Audio Generation with Multiple Conditional Diffusion Model

Zhifang Guo,Jianguo Mao,Rui Tao,Long Yan,Kazushige Ouchi,Hong Liu,Xiangdong Wang
2023-12-28
Abstract:Text-based audio generation models have limitations as they cannot encompass all the information in audio, leading to restricted controllability when relying solely on text. To address this issue, we propose a novel model that enhances the controllability of existing pre-trained text-to-audio models by incorporating additional conditions including content (timestamp) and style (pitch contour and energy contour) as supplements to the text. This approach achieves fine-grained control over the temporal order, pitch, and energy of generated audio. To preserve the diversity of generation, we employ a trainable control condition encoder that is enhanced by a large language model and a trainable Fusion-Net to encode and fuse the additional conditions while keeping the weights of the pre-trained text-to-audio model frozen.
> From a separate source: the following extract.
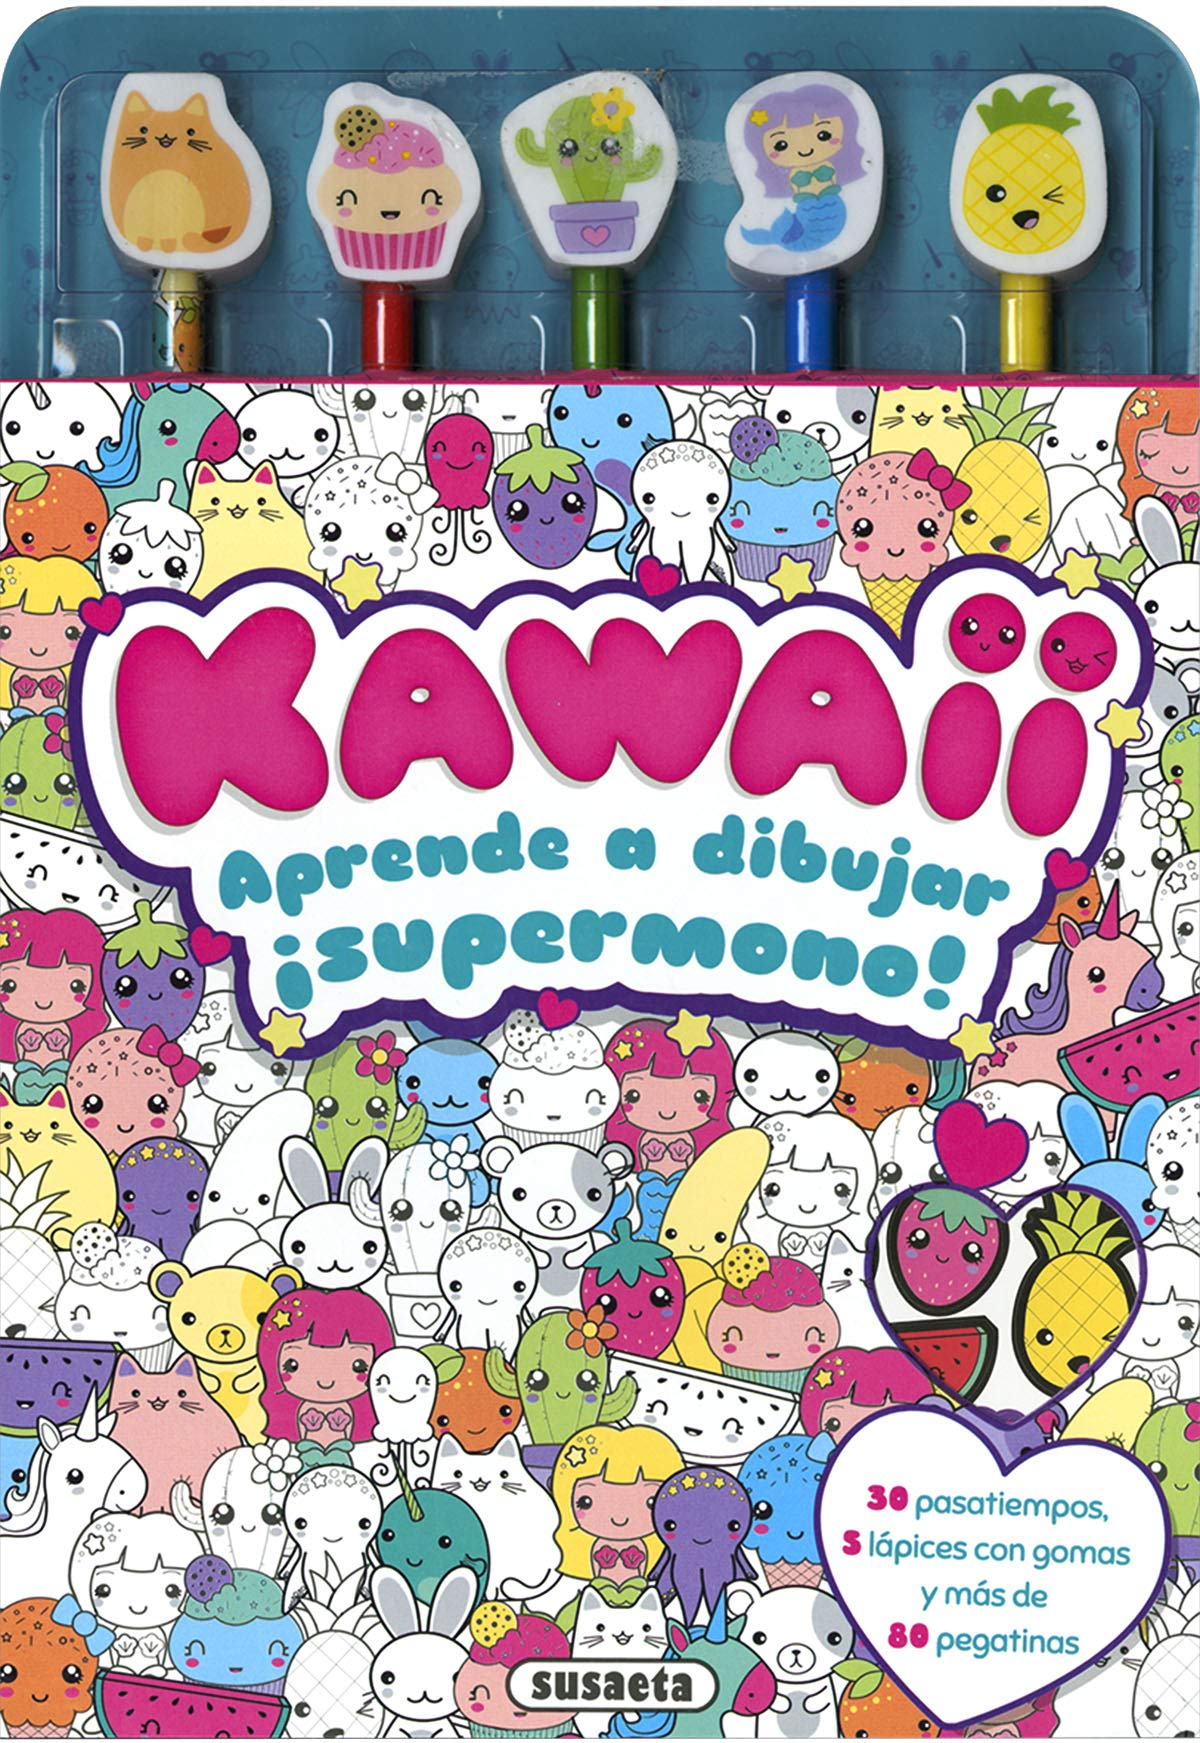 Kawaii Aprende A Dibujar Colorea Y Aprende A Dibujar Amazon Es

Due to the lack of suitable datasets and evaluation metrics, we consolidate existing datasets into a new dataset comprising the audio and corresponding conditions and use a series of evaluation metrics to evaluate the controllability performance. Experimental results demonstrate that our model successfully achieves fine-grained control to accomplish controllable audio generation. Audio samples and our dataset are publicly available at <a class="link-external link-https" href="https://conditionaudiogen.github.io/conditionaudiogen/" rel="external noopener nofollow">this https URL</a>
Sound,Computation and Language,Machine Learning,Audio and Speech Processing
What problem does this paper attempt to address?
The paper aims to address the limitations of existing text-based audio generation models in terms of controllability. Specifically, when generating audio solely based on text information, it is challenging for the model to fully control all details in the audio, especially for fine-grained attributes such as temporal order, pitch, and energy. To solve this problem, the research team proposes a new method that enhances the controllability of existing pre-trained text-to-audio (TTA) models by introducing additional conditions, including content timestamps and style-related pitch and energy contours. The main contributions of the paper can be summarized as follows: 1. **Introduction of a multi-condition audio generation task**: The authors propose a new task that uses text and other control conditions (such as timestamps, pitch contours, and energy contours) to guide audio generation, thereby achieving fine-grained customization of audio content and style. 2. **Design of a new dataset and evaluation metrics**: Due to the lack of datasets and evaluation metrics suitable for this task, the authors integrated existing datasets to create a new dataset and designed a series of evaluation metrics, which can serve as benchmarks for future related work. 3. **Improved audio generation model**: A new model based on the existing pre-trained TTA model is proposed, which can accept not only text as conditional input but also other control conditions, thereby achieving more refined and precise control over the audio generation process. Experimental results demonstrate the effectiveness of this model in generating audio with higher controllability. In summary, the goal of this paper is to achieve a higher level of controllability and flexibility in the field of audio generation, especially when dealing with application scenarios such as video creation, virtual reality, and interactive systems, enabling more precise control over various audio features.